A. Graham Down, executive director of the Council for Basic Education, urged the board to set a single standard. Setting more than one goal, he said, would limit options for low-achieving students.

"For the governing board to establish higher standards for the college-bound is to encourage the division of students into tracks that lead to either continuing learning or low-level jobs," he said, adding that disadvantaged youths "are always the first predestined for the vocational track."

But Mr. Shanker said the board should consider setting several standards to encourage schools to improve all students' achievement. For example, he said, the board could determine how many students at each grade level should perform at minimal, advanced, and adept levels.
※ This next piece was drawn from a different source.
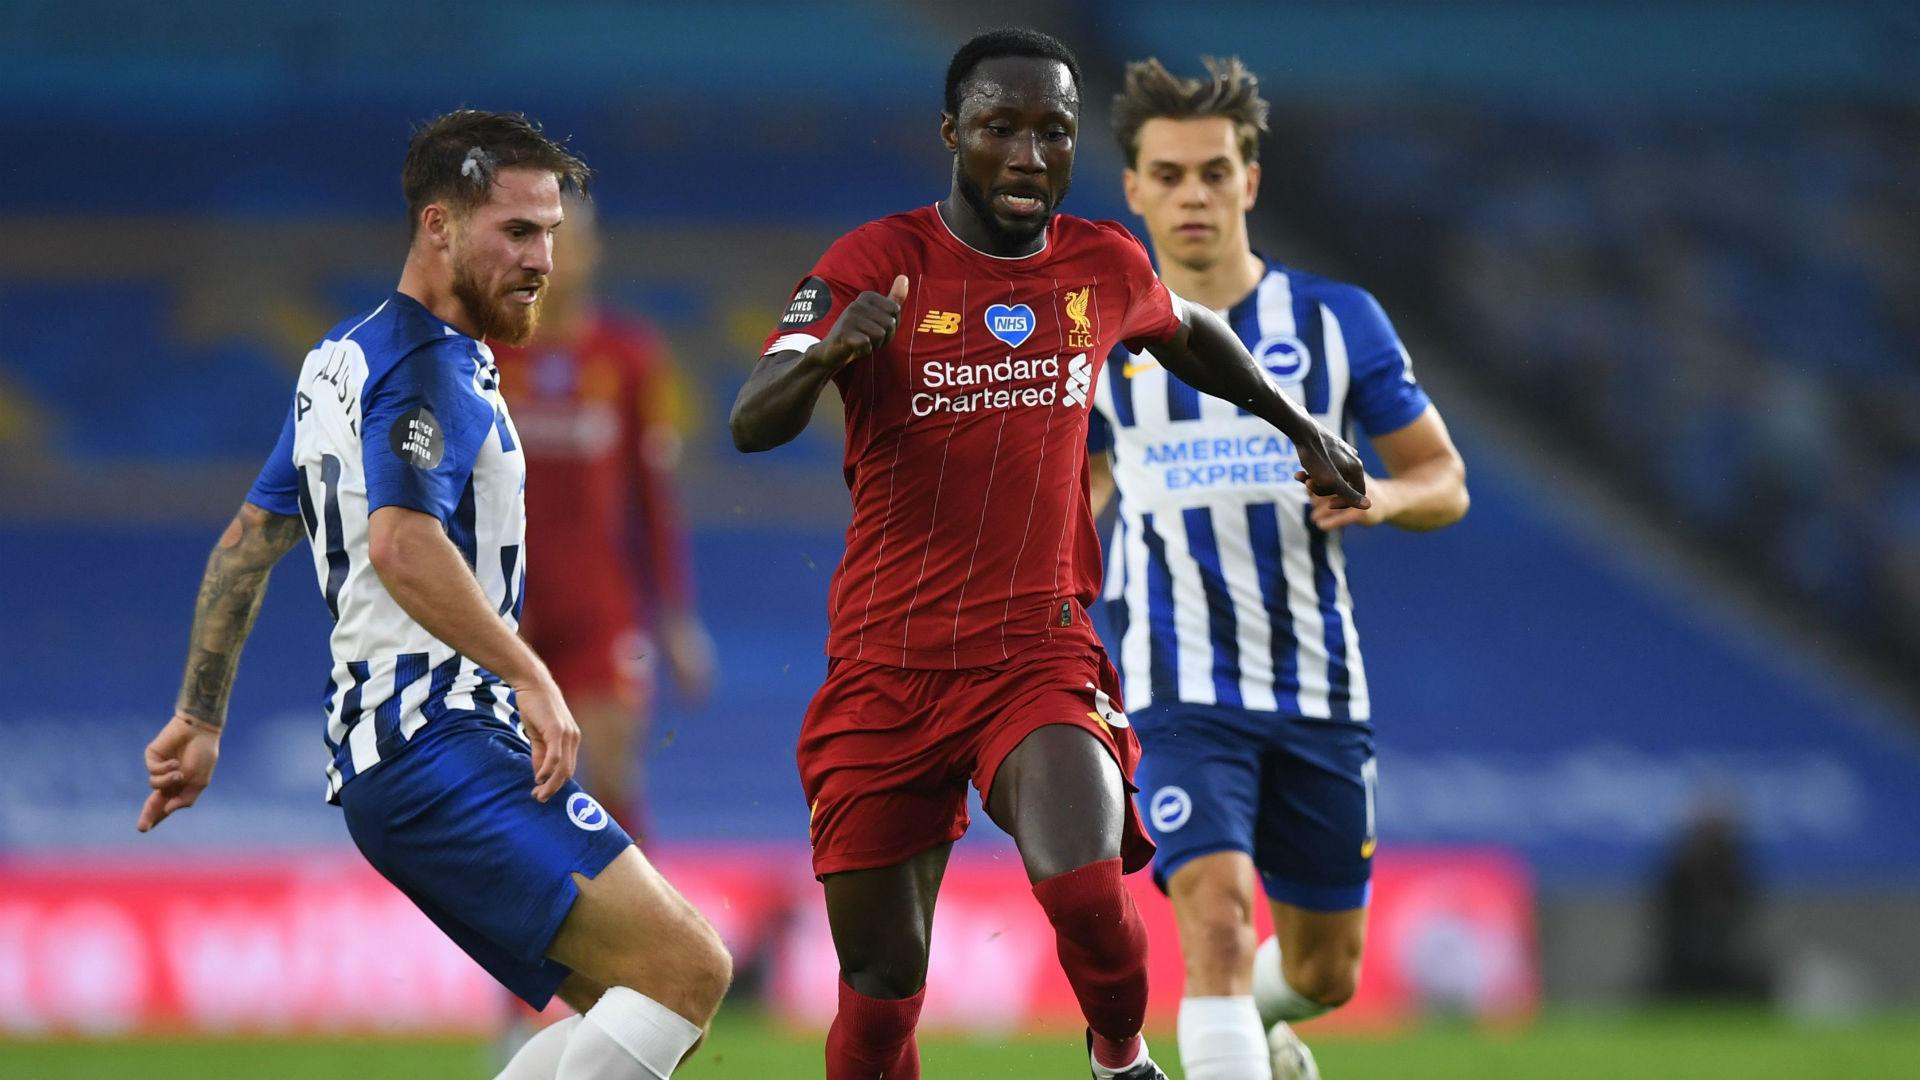 Keita is getting better and better – Klopp praises Liverpool midfielder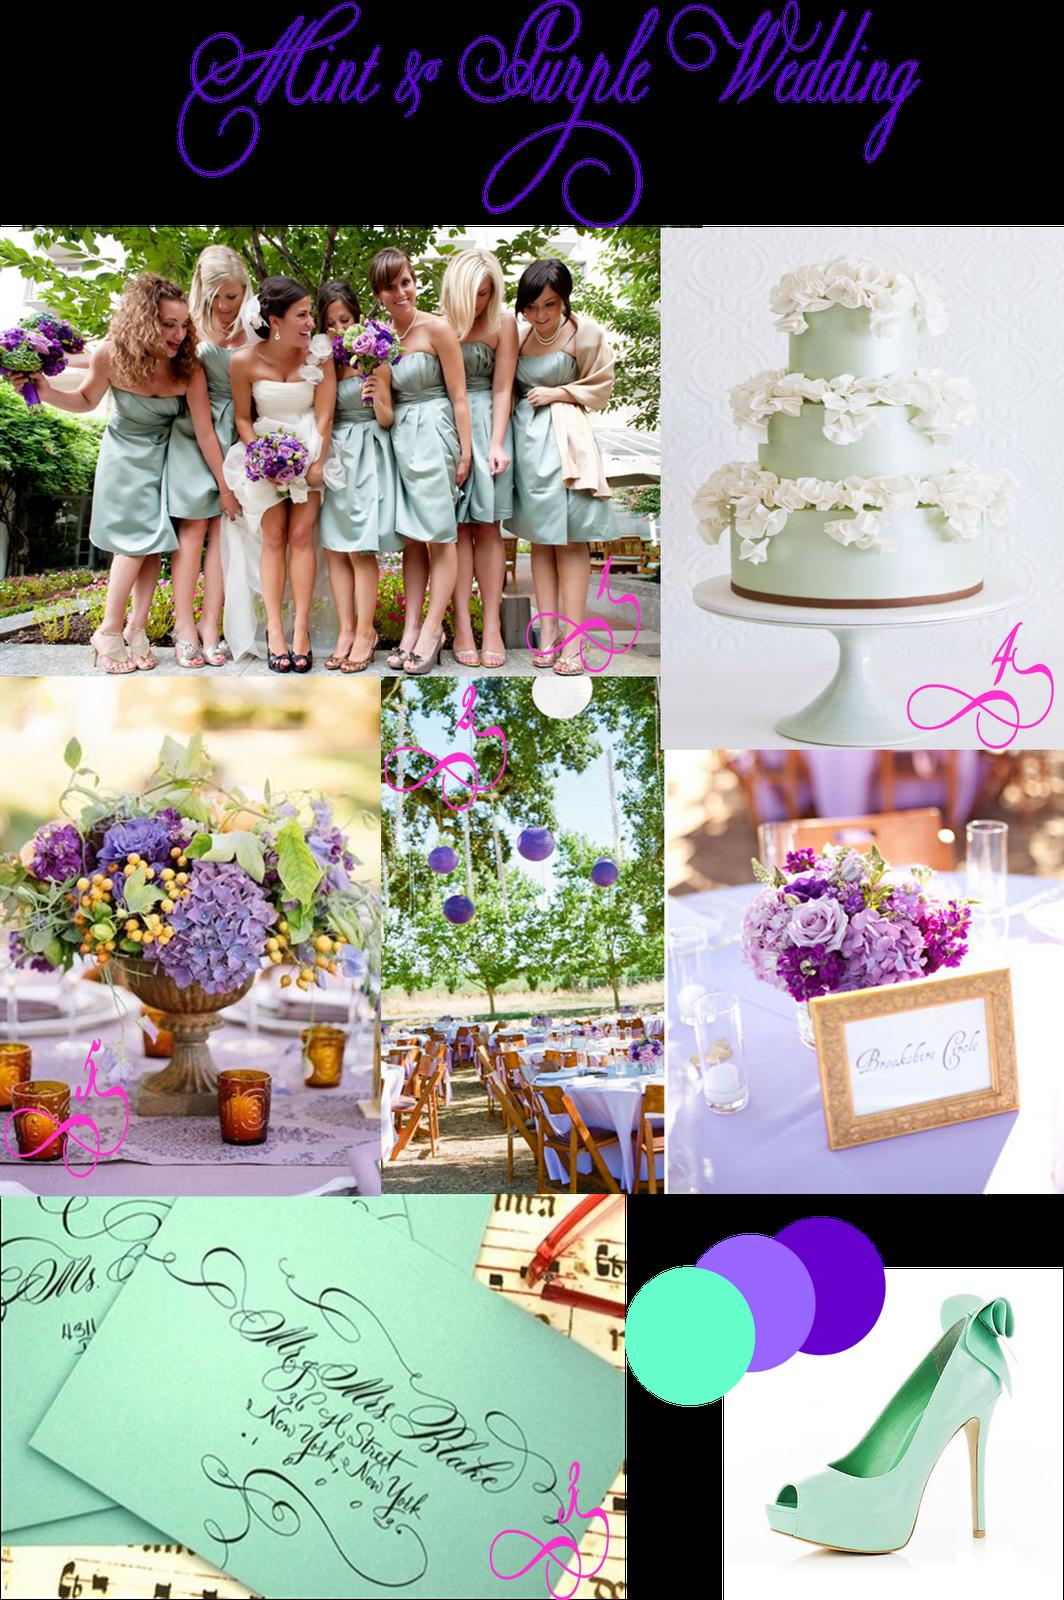 Pin By Vilma Malinauskaite On Wedding Pinterest Wedding Colors

"It will take mass education," he acknowledged, "but the public is capable of thinking in terms of more than a single score."

A National Curriculum?

Representatives of the National Conference of State Legislaturesand the National Association of Secondary School Principals also warned that the setting of national performance goals could lead to a national curriculum.

Schools may, nassp suggested in a statement, "start teaching to naep's tests, or else emphasizing only those subjects regularly evaluated."

Such practices would be particularly harmful, added D. Monty Neill, assistant director of the National Center for Fair and Open Testing, because naep relies primarily on multiple-choice tests, which he argued narrow the curriculum.

"You will, in effect, sabotage the possibilities of reform," he said.

But Denis P. Doyle, senior research fellow at the Hudson Institute, suggested that the United States already has a de facto national curriculum, and he urged the board to design a test to measure it.

"The nation does have an intellectual center of gravity," he said, "and the course requirements of the nation's 15,000-odd school districts and 50 states are much more alike than dissimilar."

"The questions naep asks can--indeed, will--drive a national curriculum," Mr. Doyle said, "and should be done so explicitly and by design. Make no bones about it."